Stainless steels are iron based alloys that contain a minimum of 10.5% chromium. This chromium reacts with the air and forms a very thin but very tenacious chromium oxide layer which is what prevents stainless from rusting.
There are 5 types of stainless steels which are categorized depending on additional alloying elements. One thing they all have in common is the minimum chromium content of 10.5%. The five types are:
- Austenitic Stainless Steels
- Ferritic Stainless Steels
- Martensitic Stainless Steels
- Duplex Stainless Steels
- Precipitation Hardening Stainless Steels
Out of these five, austenitic stainless are the most common and familiar types of stainless steels. They exhibit great weldability and are extremely formable. Because of their ability to handle extreme temperature ranges they can be used for applications that generate extreme heat such as a jet engine, and also used on the other extreme: cryogenic applications.
The austenitic stainless steels encompass most of the 300 series stainless steels such as types 302, 304, 310, 316, 321 and 347. Austenitic stainless steels contain 16 – 26% chromium (Cr), 8 – 24% nickel (Ni) and up to 0.40% carbon (C). Other elements such as titanium (Ti), Molybdenum (Mo) and niobium (Nb) are present in small quantities.
There are two major problems associated with welding austenitic stainless steels: sensitization and hot cracking. Understanding the causes for these problems can save you a lot of time, money and headaches.
Sensitization is a problem that leads to intergranular corrosion in the heat affected zone (HAZ) due to chromium carbide formation and precipitation at the grain boundaries. When the temperature of the stainless is between 800˚F and 1600˚F (called the sensitization range) carbon starts to precipitate and needs to bond with something. The chromium is happy to help and combines with the carbon to form chromium carbide. The problem with this is that chromium carbide does not provide corrosion resistance. And by the chromium being depleted (or stolen) by the carbon there is not enough to form the necessary amount of chromium oxides in certain areas.

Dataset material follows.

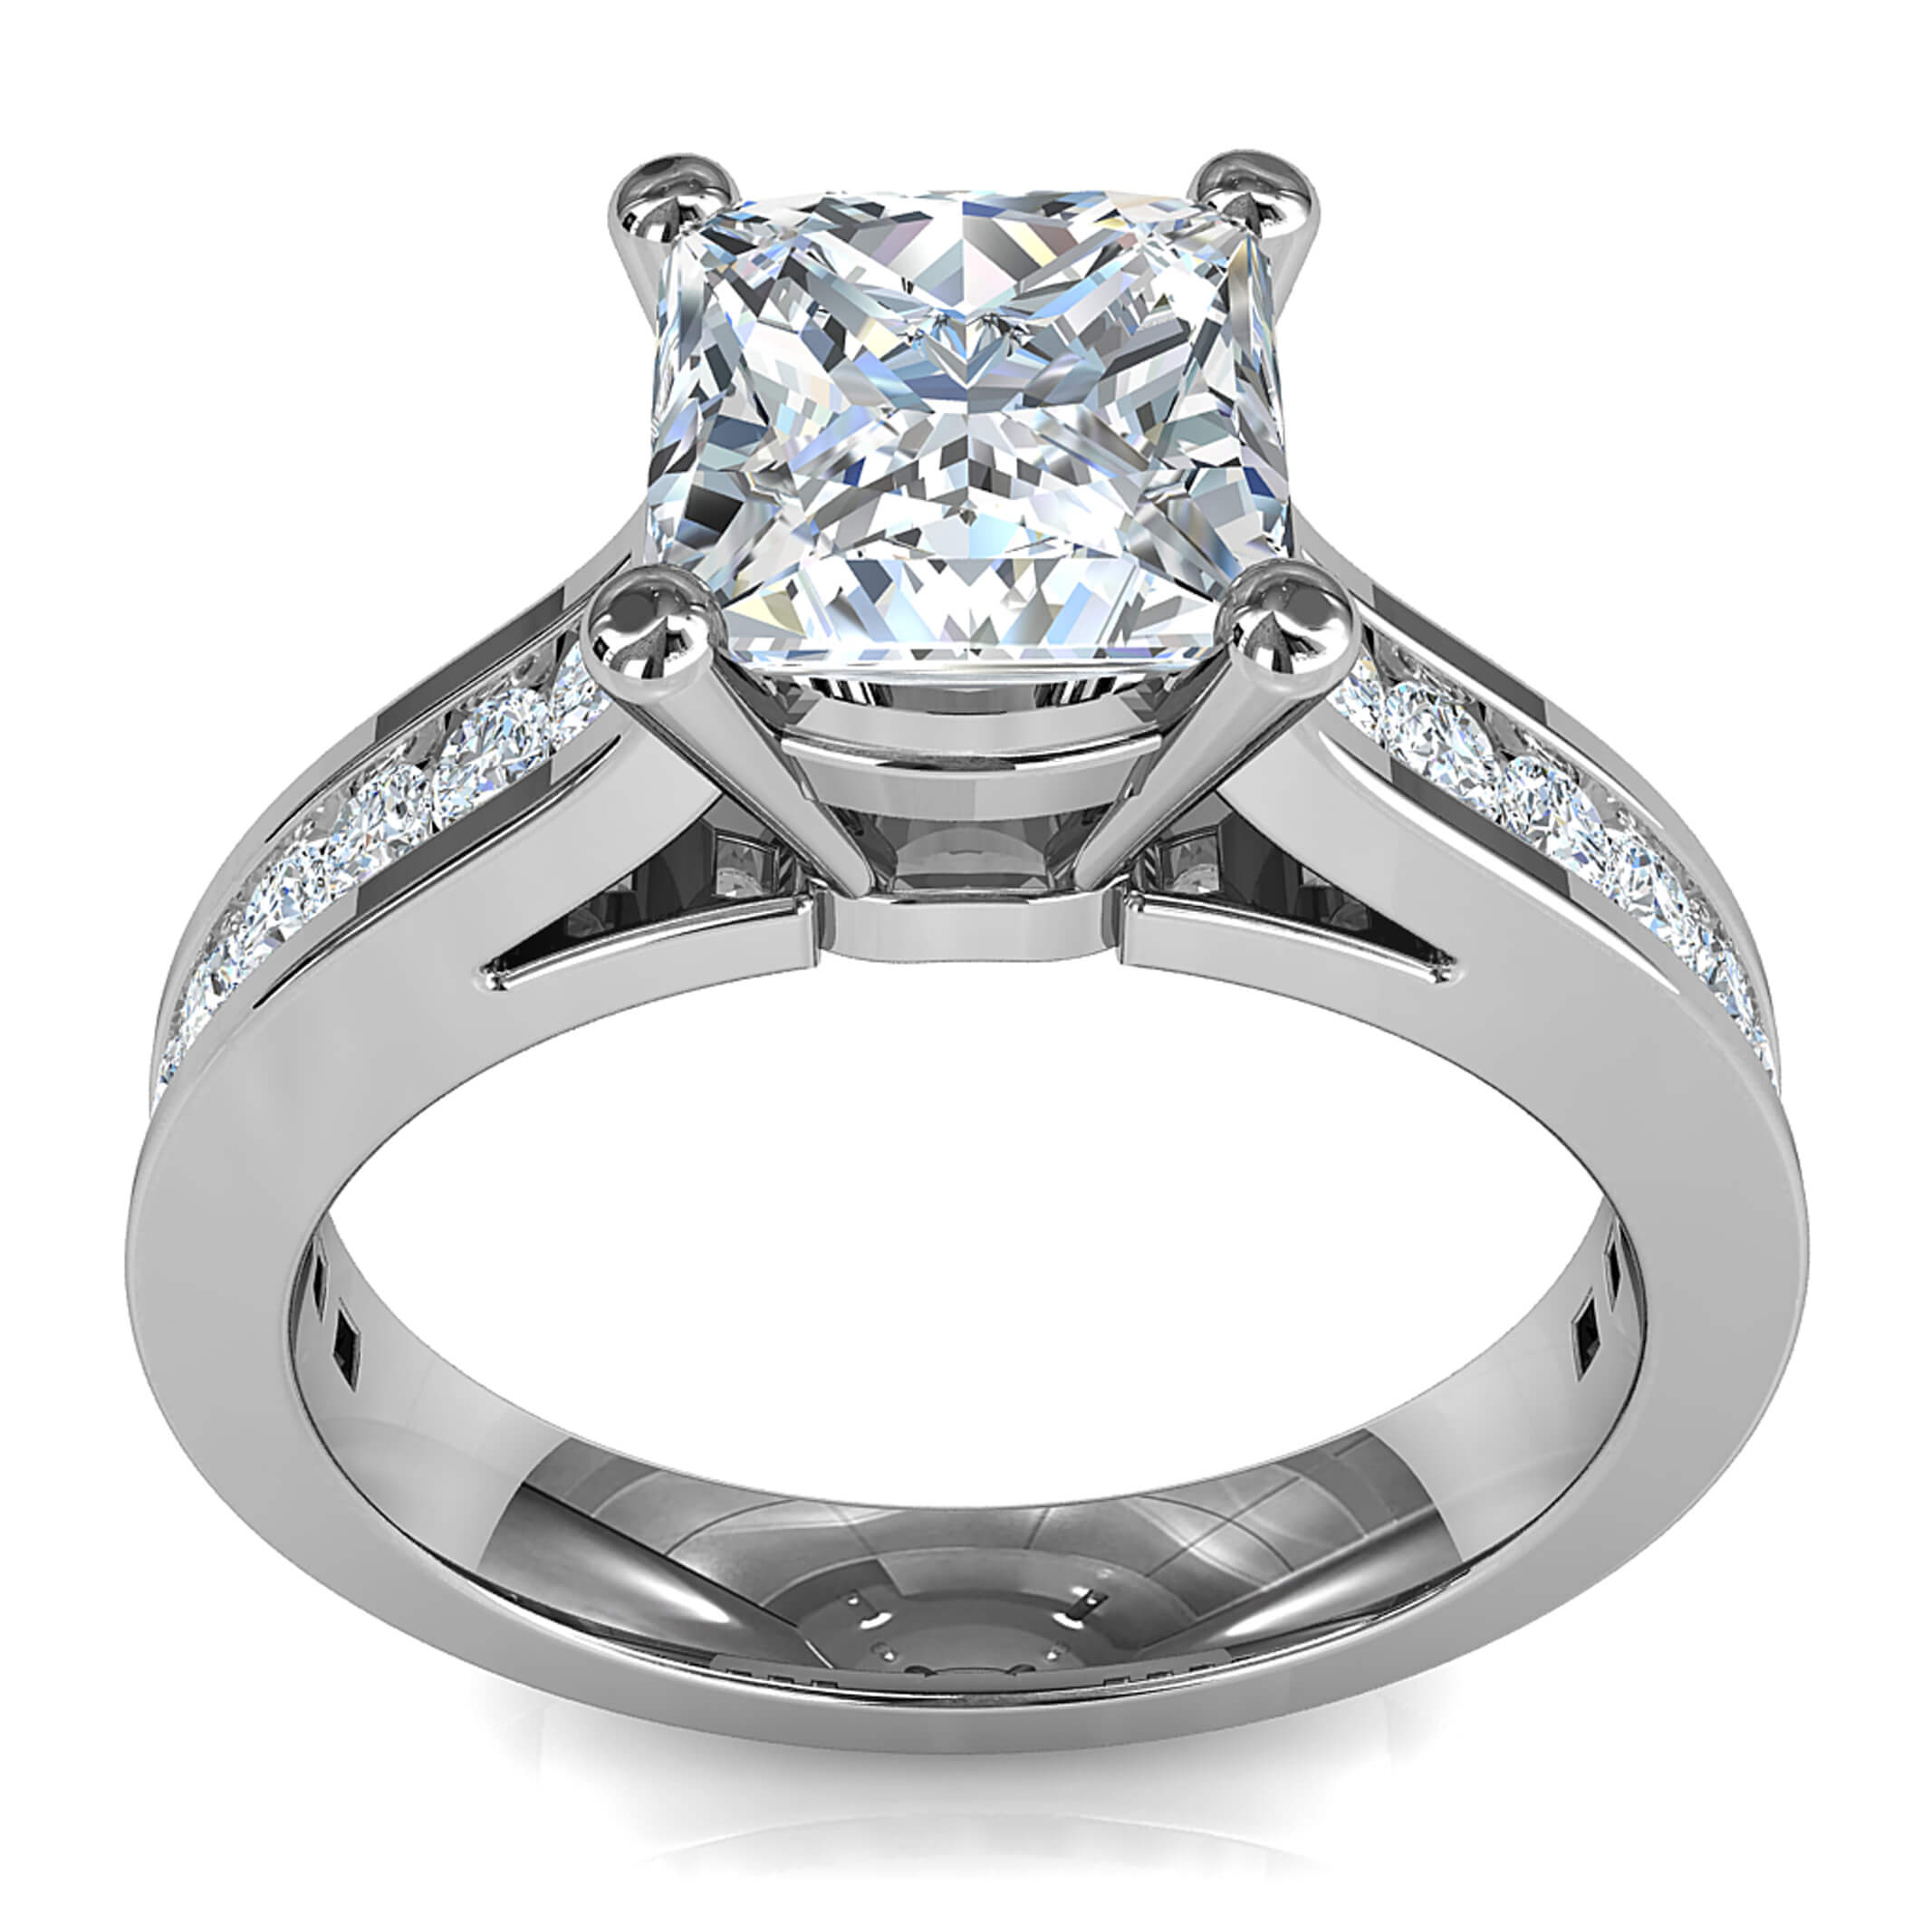 Princess Cut Solitaire Diamond Engagement Ring, 4 Claw Set on a Round Channel Set Band with Classic Underrail Setting.

The higher the degree of carbide precipitation the higher the amount intergranular corrosion. There are two methods that can be used to reduce or eliminate sensitization when welding austenitic stainless steels.
- Use base metals and filler metals with very low amounts of carbon. Earlier we stated that austenitic base metals can have up to 0.40% of carbon. Filler metals such as 308 also have carbon. If we can reduce the carbon content on both the filler and the base metal we reduce the total amount of carbon that can precipitate and bind with the available chromium. Low carbon filler metals will contain the “L” designator after the alloy, such as 308L or 316L.

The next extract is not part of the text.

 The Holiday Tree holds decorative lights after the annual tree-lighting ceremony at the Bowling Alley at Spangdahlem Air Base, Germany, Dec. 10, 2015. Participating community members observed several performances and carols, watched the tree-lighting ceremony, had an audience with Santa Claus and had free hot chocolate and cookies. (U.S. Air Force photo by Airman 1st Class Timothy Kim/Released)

- Reduce the amount of time spent in the sensitization range (800˚F to 1600˚F). When we first weld we heat the material from room temperature to well above 2000F. The time spent between 800˚F and 1600˚F is very short. However, when the material cools it does so much slower. In order to reduce the time in this temperature range we must never preheat the base material and we must weld with the lowest heat input possible that still provides a quality weld.
It is also important to know that within the sensitization range there is a critical mid-range from about 1100˚F to 1250˚F. This means that a few seconds at 1150˚F can create much more chromium carbide than a few minutes at 800˚F or at 1600˚F.
The second problem with welding austenitic stainless steel is hot cracking. Hot cracking is due the presence of low melting materials such as sulfur or phosphorous which penetrate weld boundaries. As the weld and the heat affected zone cool these low melting materials create cracks.
Hot cracking can be prevented by having a final microstructure with a certain level of ferrite within the austenite matrix. This can be achieved by controlling the composition of the base metal and the filler metal.